====== RECORDED INFORMATION

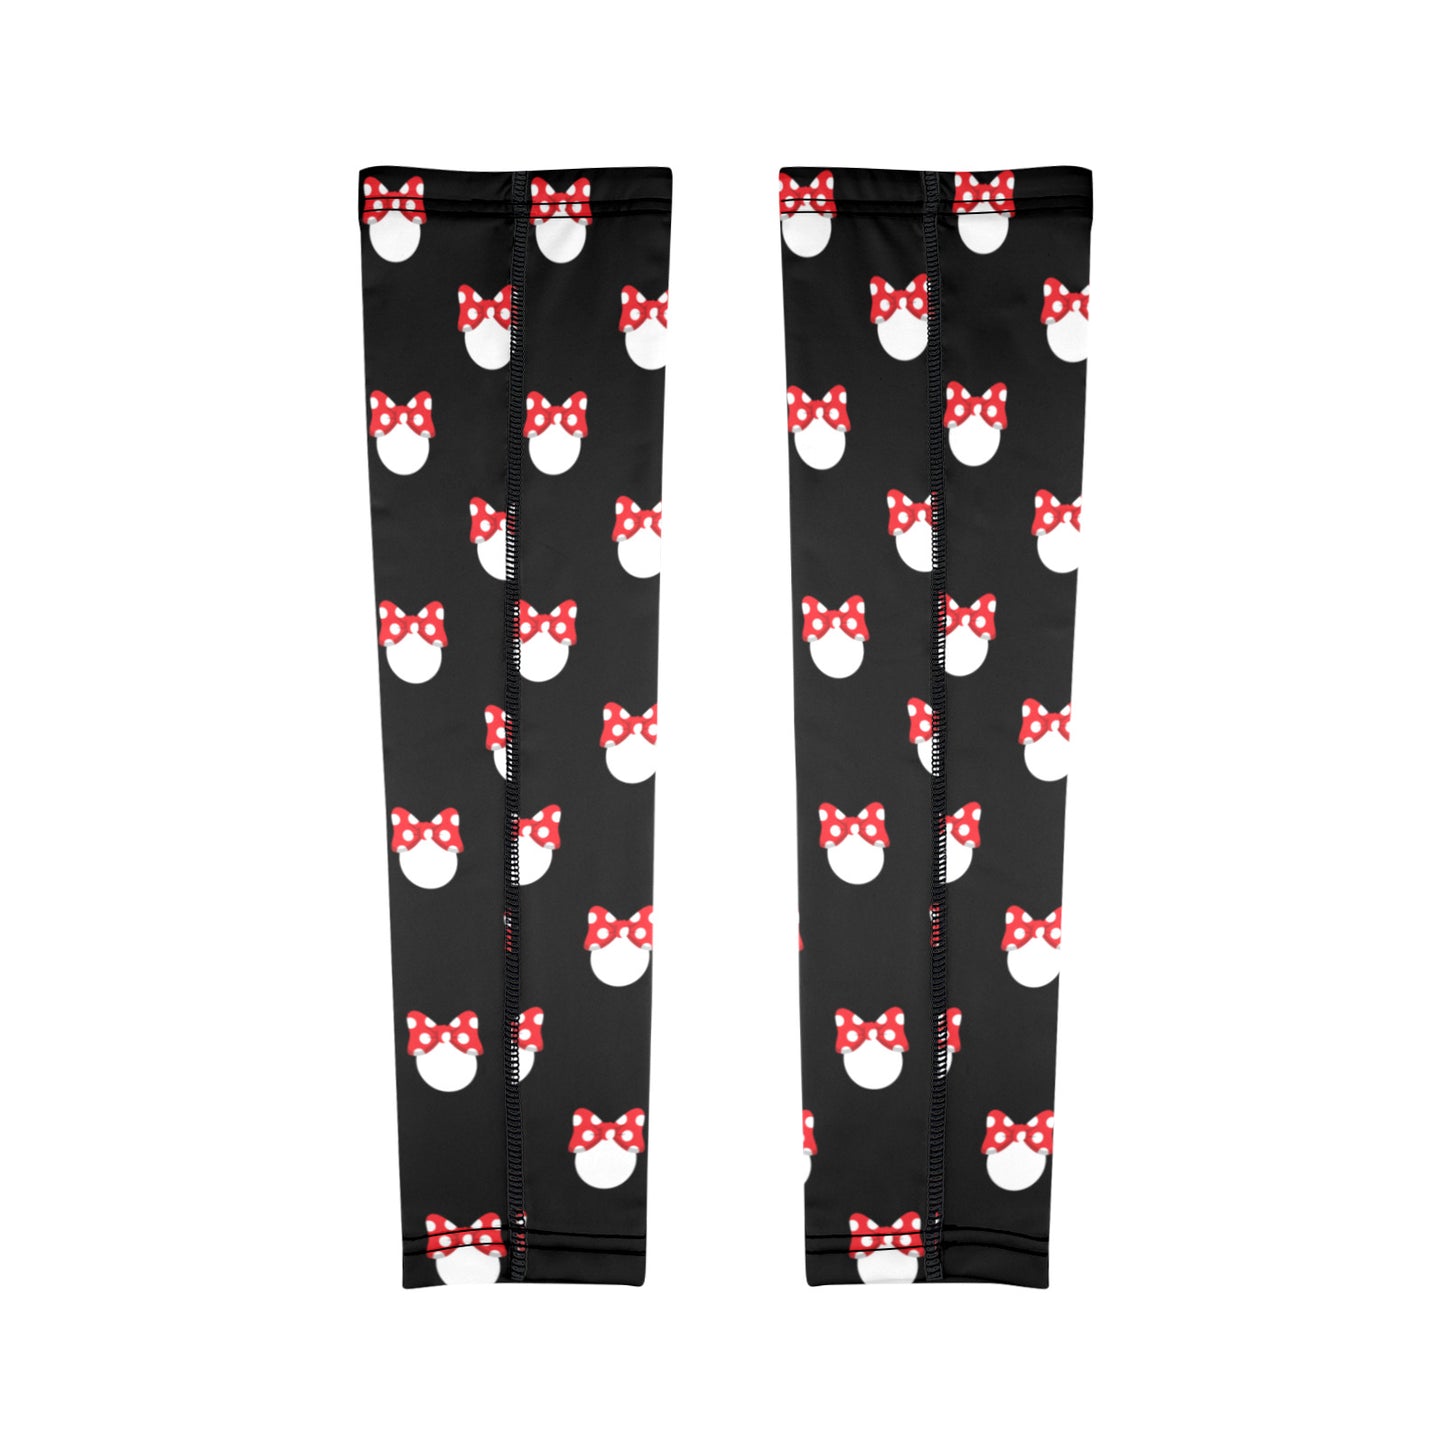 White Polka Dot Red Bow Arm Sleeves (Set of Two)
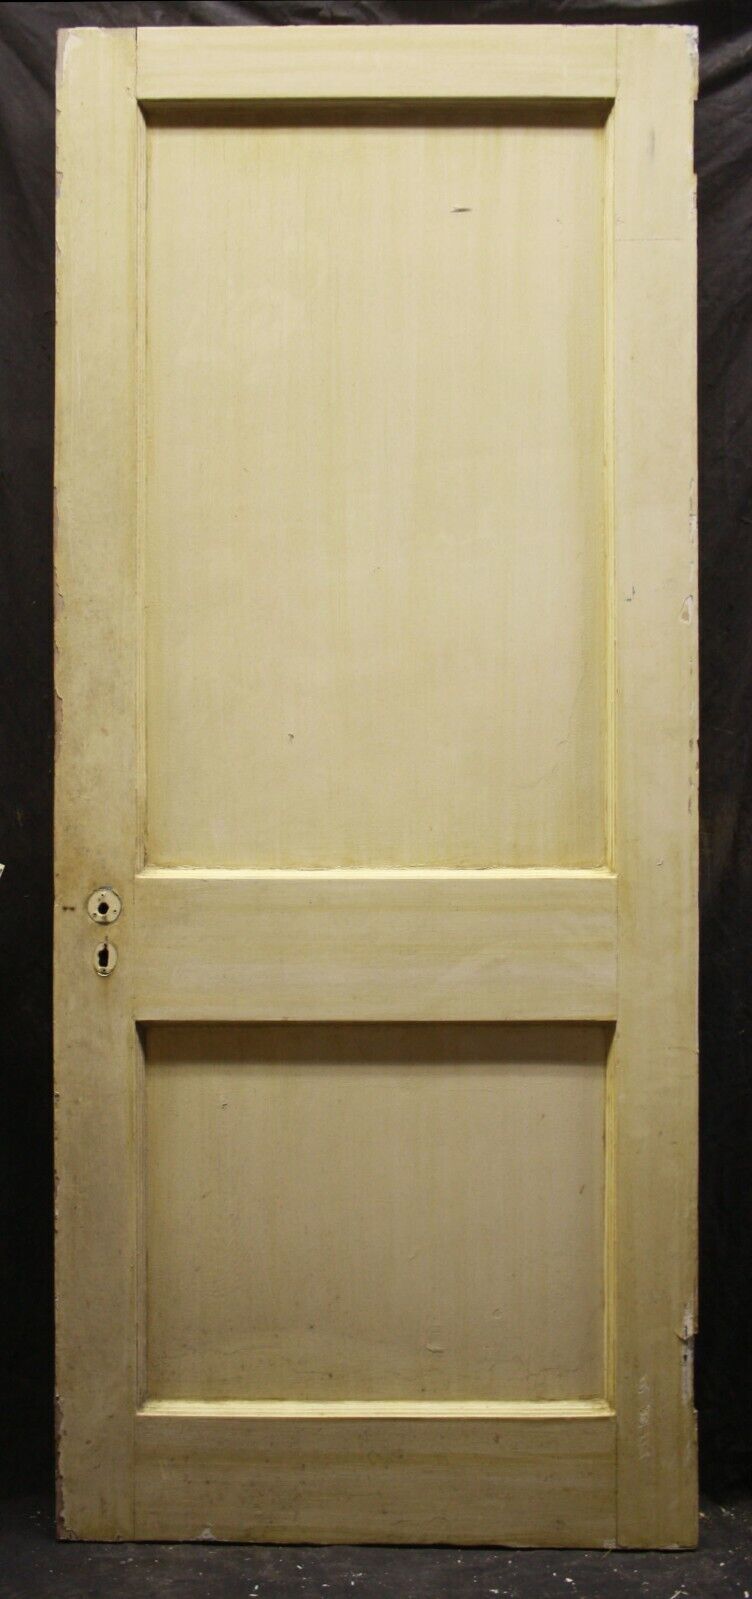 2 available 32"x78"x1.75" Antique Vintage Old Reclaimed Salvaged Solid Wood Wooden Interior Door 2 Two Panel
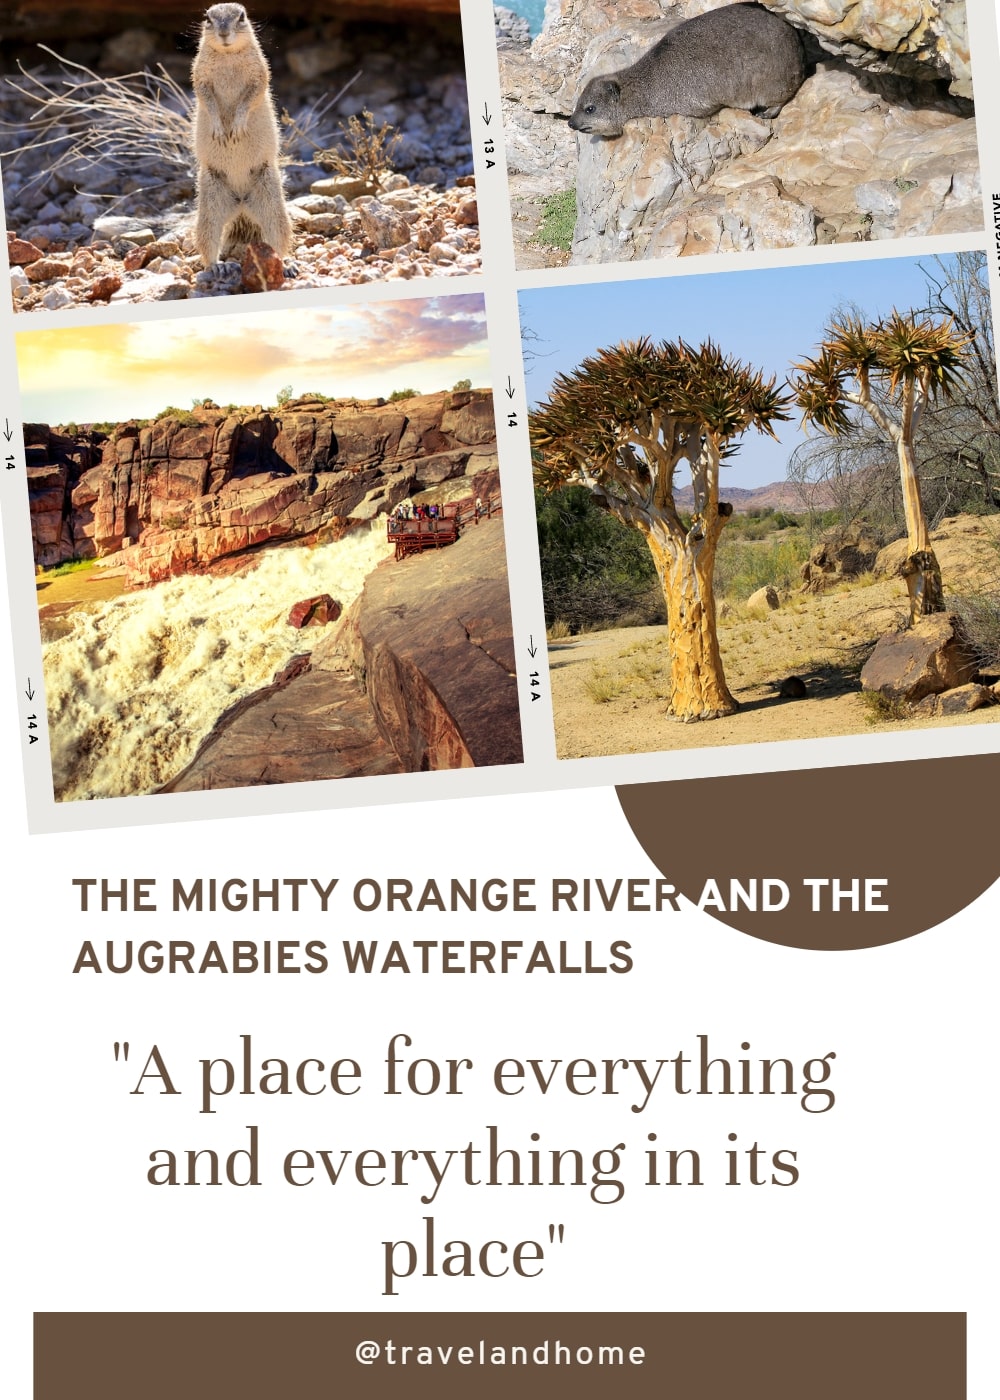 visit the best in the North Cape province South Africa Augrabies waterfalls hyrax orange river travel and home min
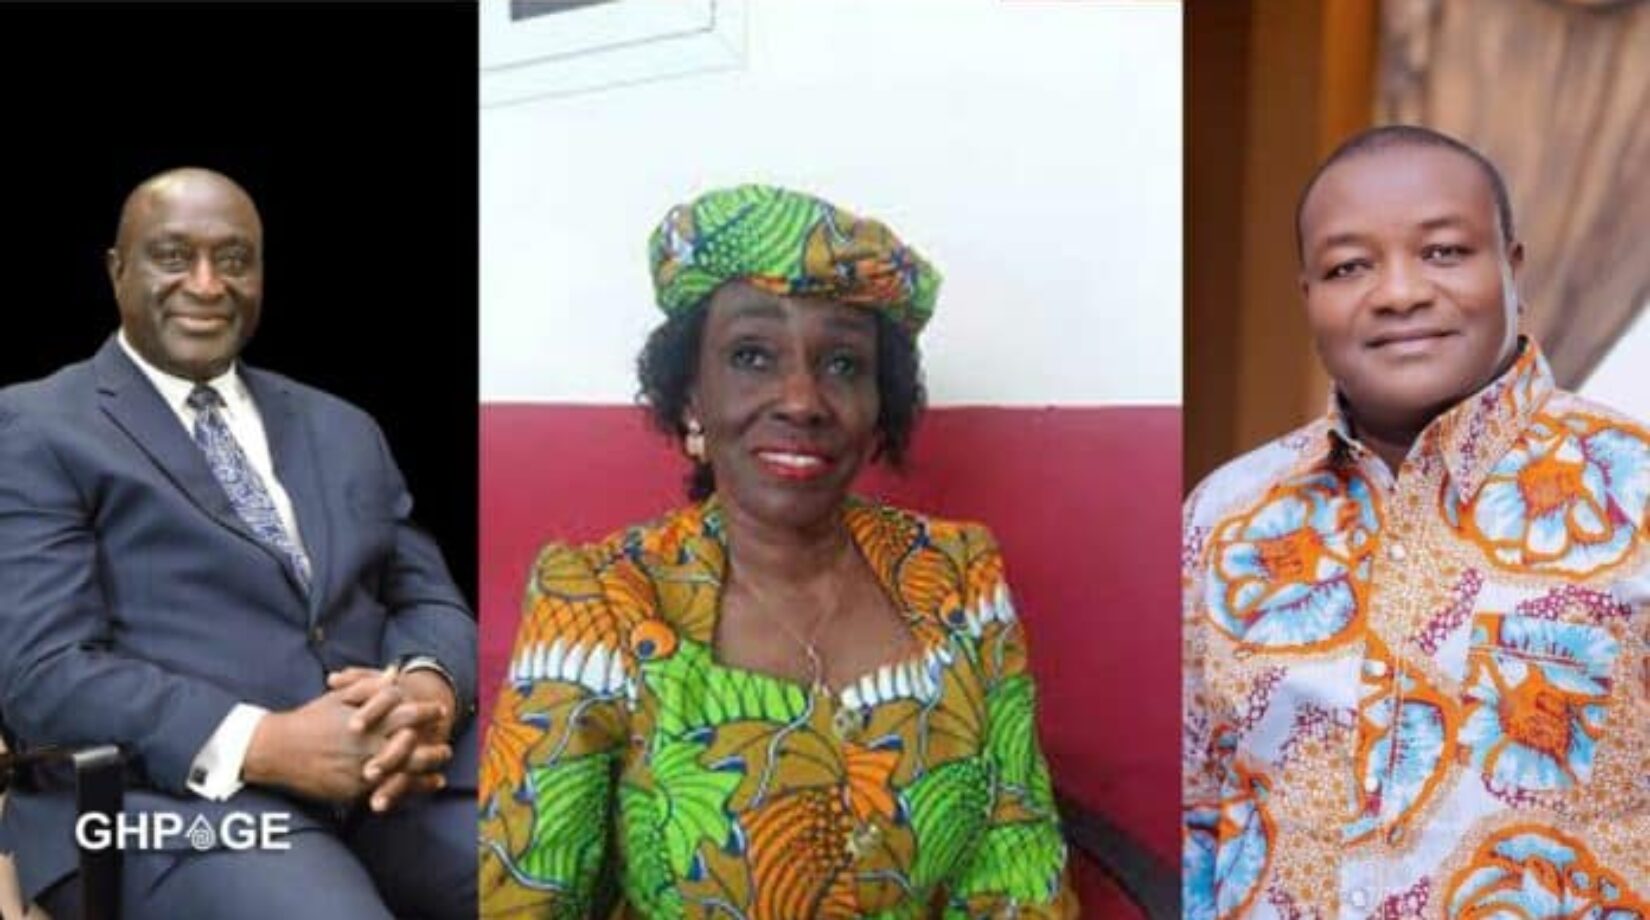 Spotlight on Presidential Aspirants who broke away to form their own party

============

TASK DESCRIPTION >> Every line above is to be duplicated exactly; no picture should be carried over.

PROBLEM SOLUTION >>
 White Polka Dot Red Bow Arm Sleeves (Set of Two)
 2 available 32"x78"x1.75" Antique Vintage Old Reclaimed Salvaged Solid Wood Wooden Interior Door 2 Two Panel
 visit the best in the North Cape province South Africa Augrabies waterfalls hyrax orange river travel and home min
 Spotlight on Presidential Aspirants who broke away to form their own party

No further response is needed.